### Exercise description:
Using the records below, output the stretch that opens with the line containing "Vin rouge AOP" and closes with the line containing "Women's Red Floral Kali Skirt - SHAE", exactly and including both lines, with nothing more.

### Material to process:
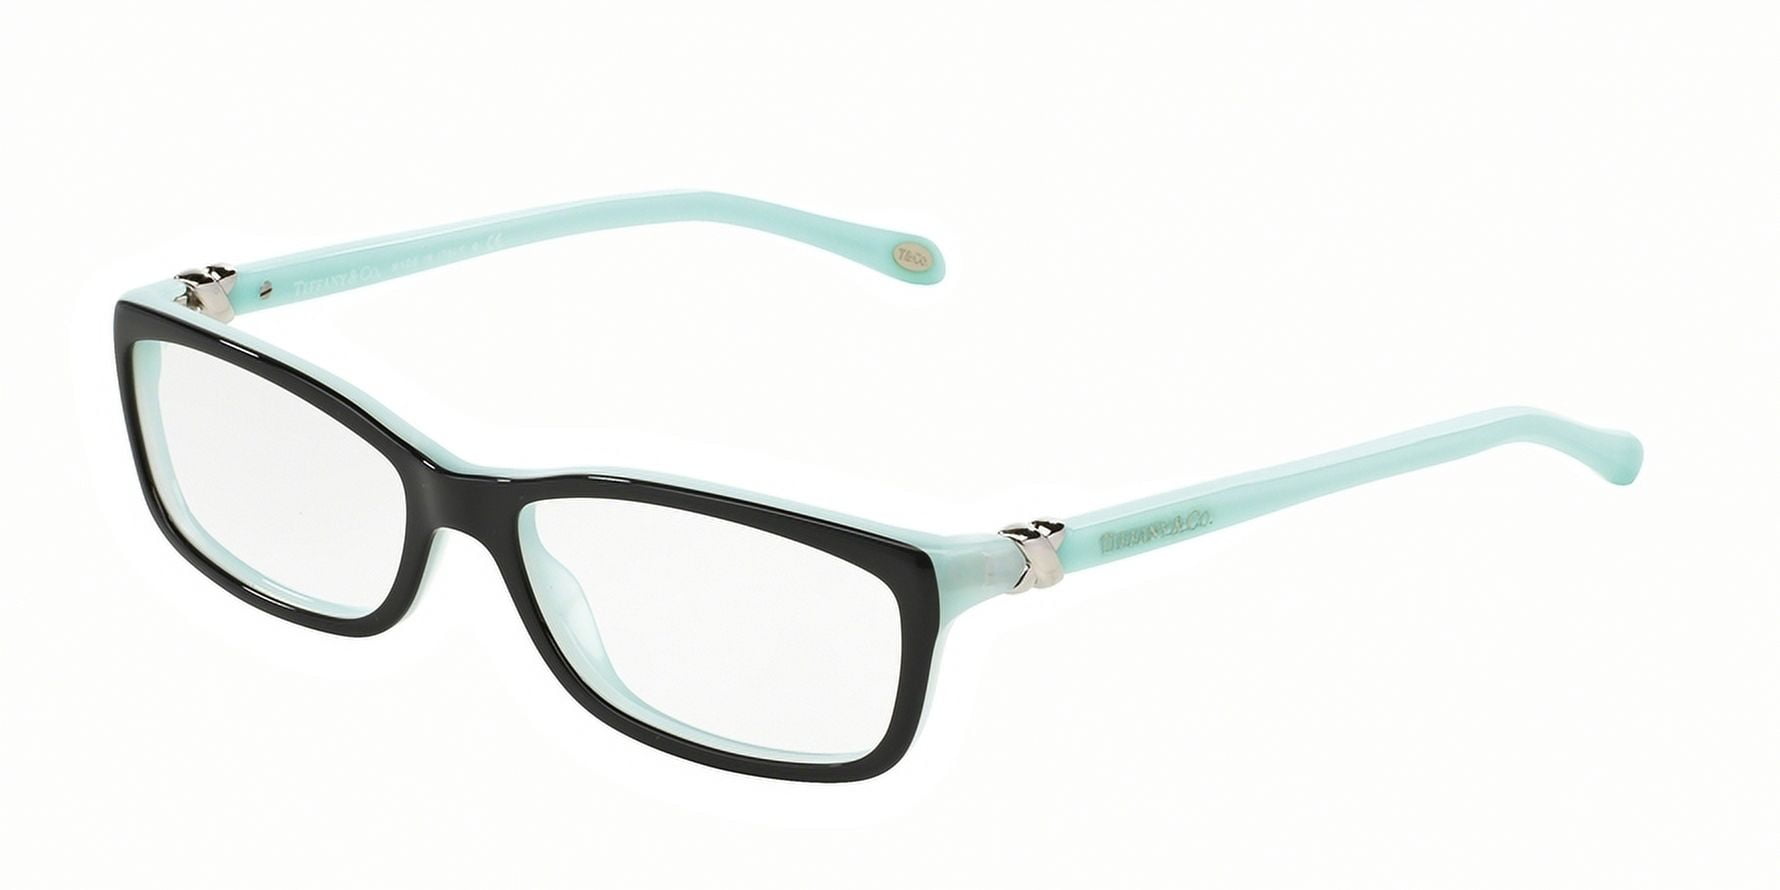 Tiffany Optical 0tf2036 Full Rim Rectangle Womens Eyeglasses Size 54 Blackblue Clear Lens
--
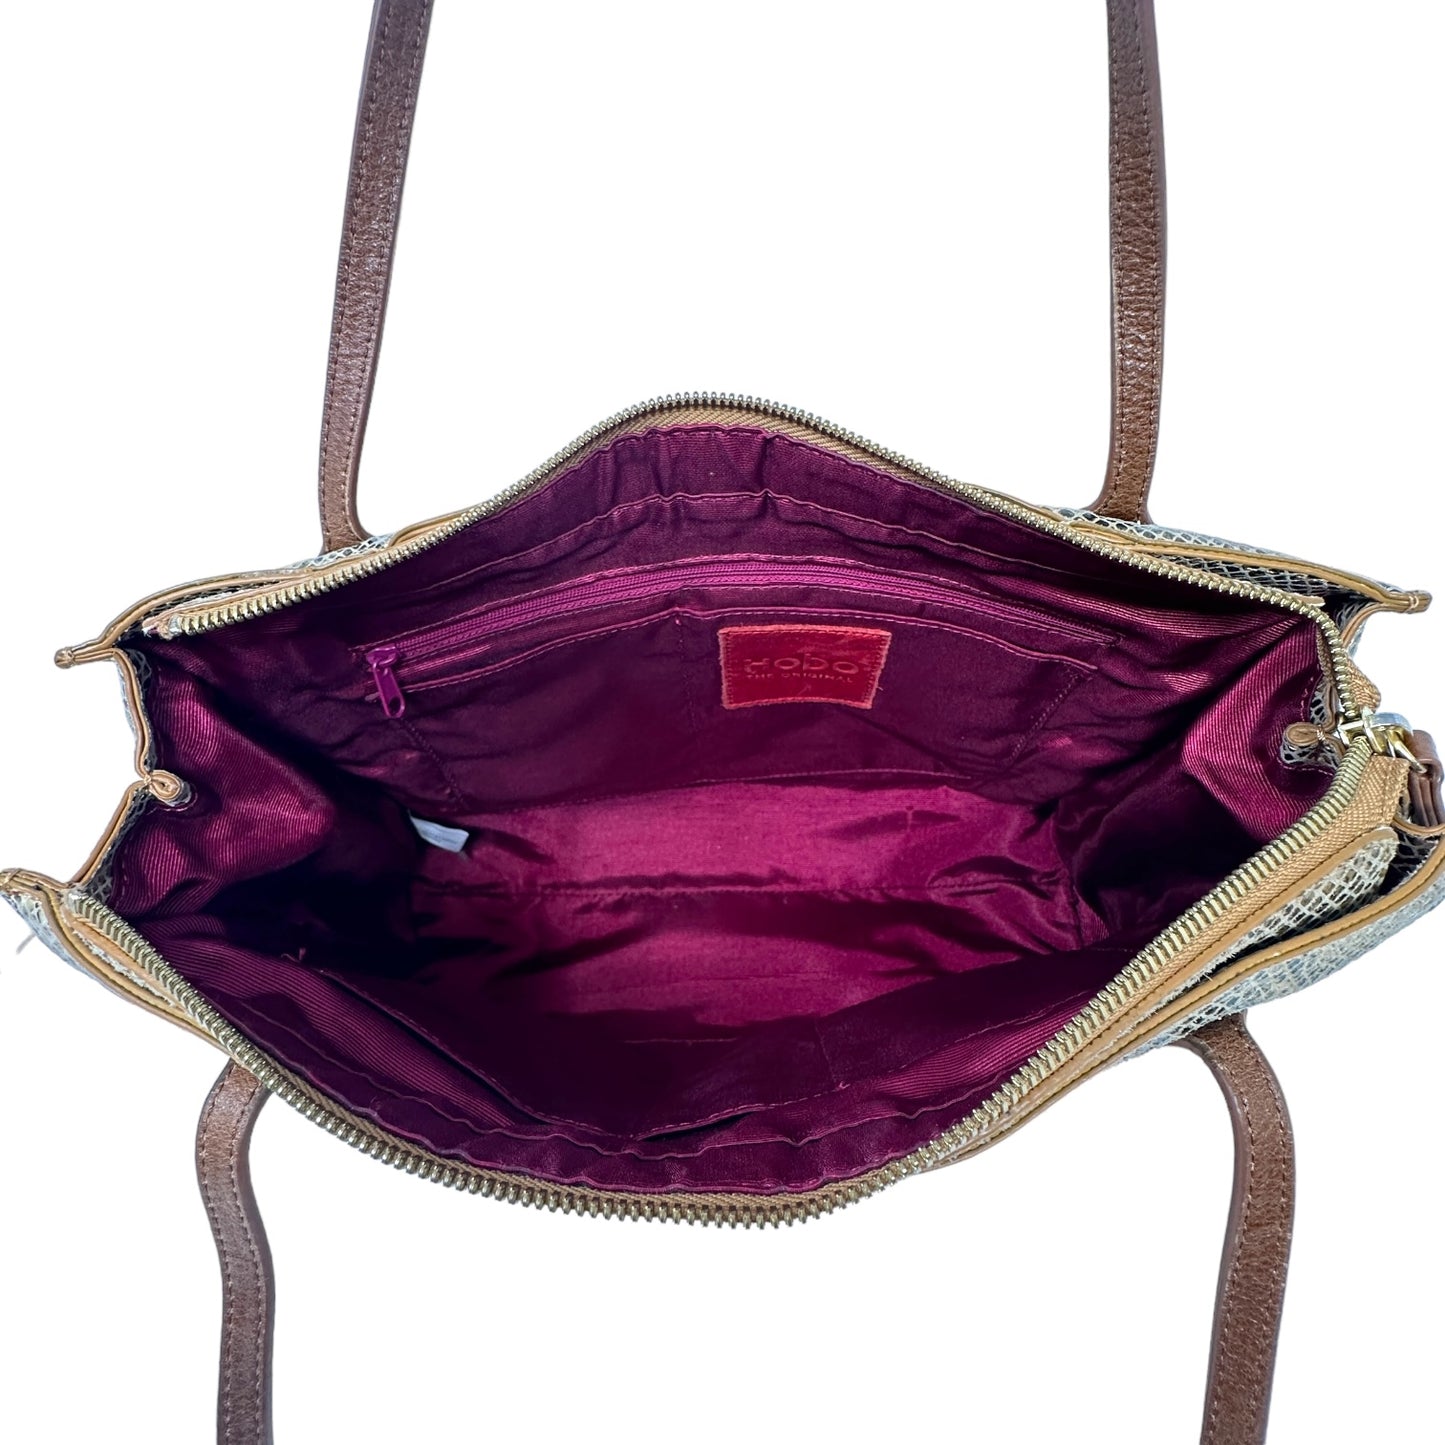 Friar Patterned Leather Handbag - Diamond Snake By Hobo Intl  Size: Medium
---
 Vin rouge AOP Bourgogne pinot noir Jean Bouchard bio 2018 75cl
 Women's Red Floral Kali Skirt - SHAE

### Written response:
 Vin rouge AOP Bourgogne pinot noir Jean Bouchard bio 2018 75cl
 Women's Red Floral Kali Skirt - SHAE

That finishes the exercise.